Approximately 75% of patients experience pain, but less than expected based on the severity of clinical and radiographic findings.
Maps Neuropathic arthropathy
Pathogenesis
Any condition that causes decreased peripheral sensation, proprioception, and fine motor control:
- Diabetes mellitus neuropathy (most common in the US today, resulting in foot and ankle joint damage), with the Charcot joints at 1/600-700 diabetics. Associated with poor long-term glucose control.
- Alcoholic neuropathy
- Cerebral palsy
- Leprosy
- Syphilis ( tabes dorsalis ), caused by the organism Treponema pallidum
- spinal cord injury
- Myelomeningocele
- Syringomyelia
- Intra-articular steroid injections
- Congenital insensitivity to pain
- Peroneal muscle atrophy
Underlying mechanism
- Two main theories have been put forward:
- Neurotrauma : Loss of peripheral sensation and proprioception causes repeated microtrauma in questionable joints; this damage is not noticed by the neuropathic patient, and the inflammatory resorption resulting from the traumatized bone makes the region weak and vulnerable to further trauma. In addition, poor fine motor control produces unnatural pressure on certain joints, which causes additional microtrauma.

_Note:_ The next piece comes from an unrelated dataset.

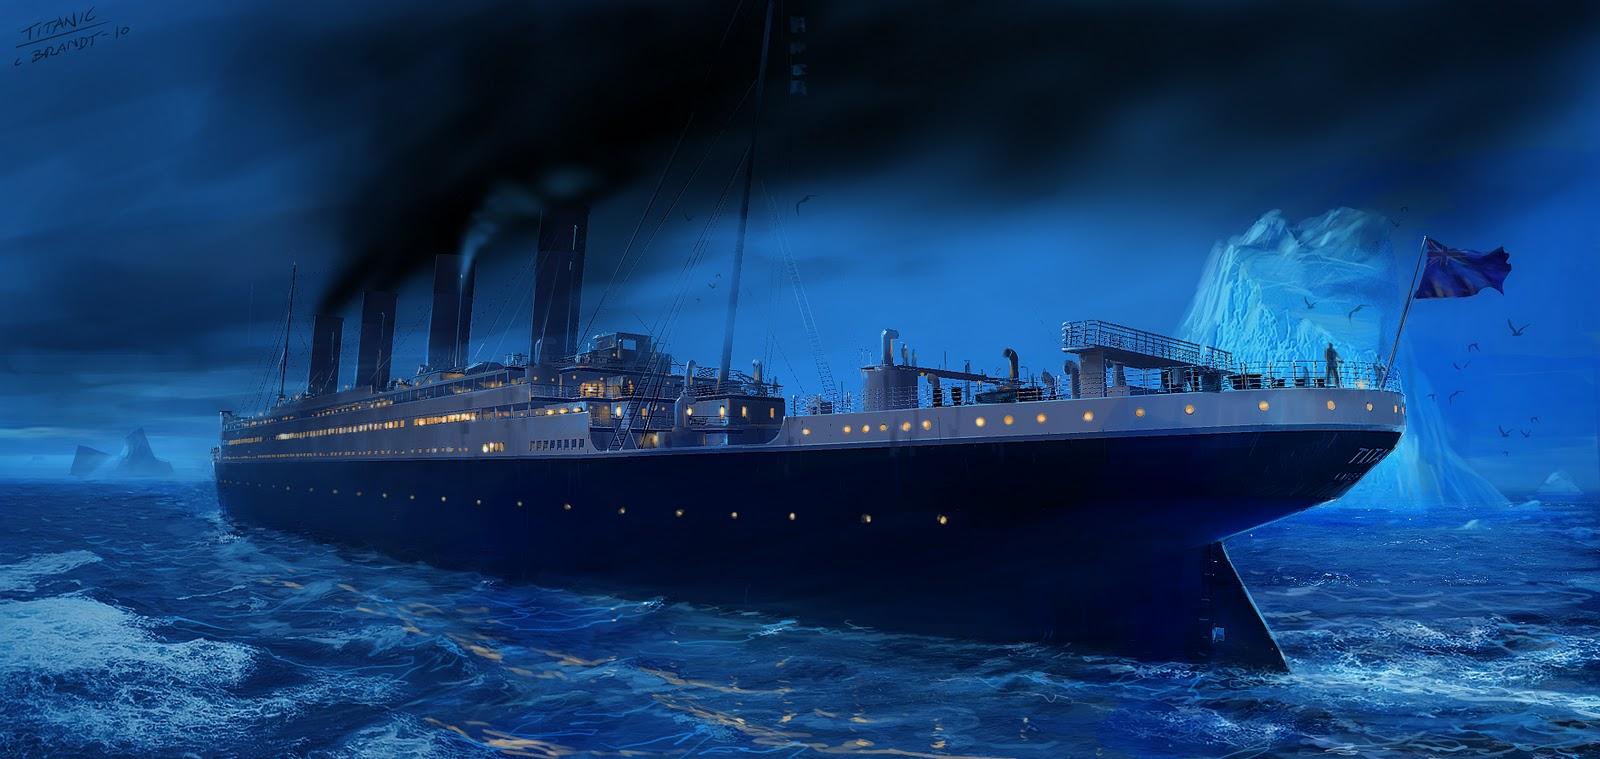 SkalleBlog: Titanic -

- Neurovascular : Neuropathic patients have irregular reflexes of the autonomic nervous system, and insensitive joints receive significantly greater blood flow. The resulting hyperemia leads to an increase in bone osteoclastic resorption, and this, along with mechanical stress, leads to bone destruction.
In fact, both of these mechanisms may play a role in the development of the Charcot joint.
Shared engagement
Diabetes is the main cause in America today for neuropathic joint disease, and the foot is the most affected area. In those with foot deformities, about 60% are in tarsometatarsal joints (medial joints affected more than laterally), 30% Metatarsophenangeal joints and 10% have ankle disease. More than half of diabetic patients with neuropathic joints can remember some types of trauma triggers, usually minor.
Patients with neurosyphilis tend to have knee involvement, and patients with syringomyelia from the spinal cord can show shoulder deformity.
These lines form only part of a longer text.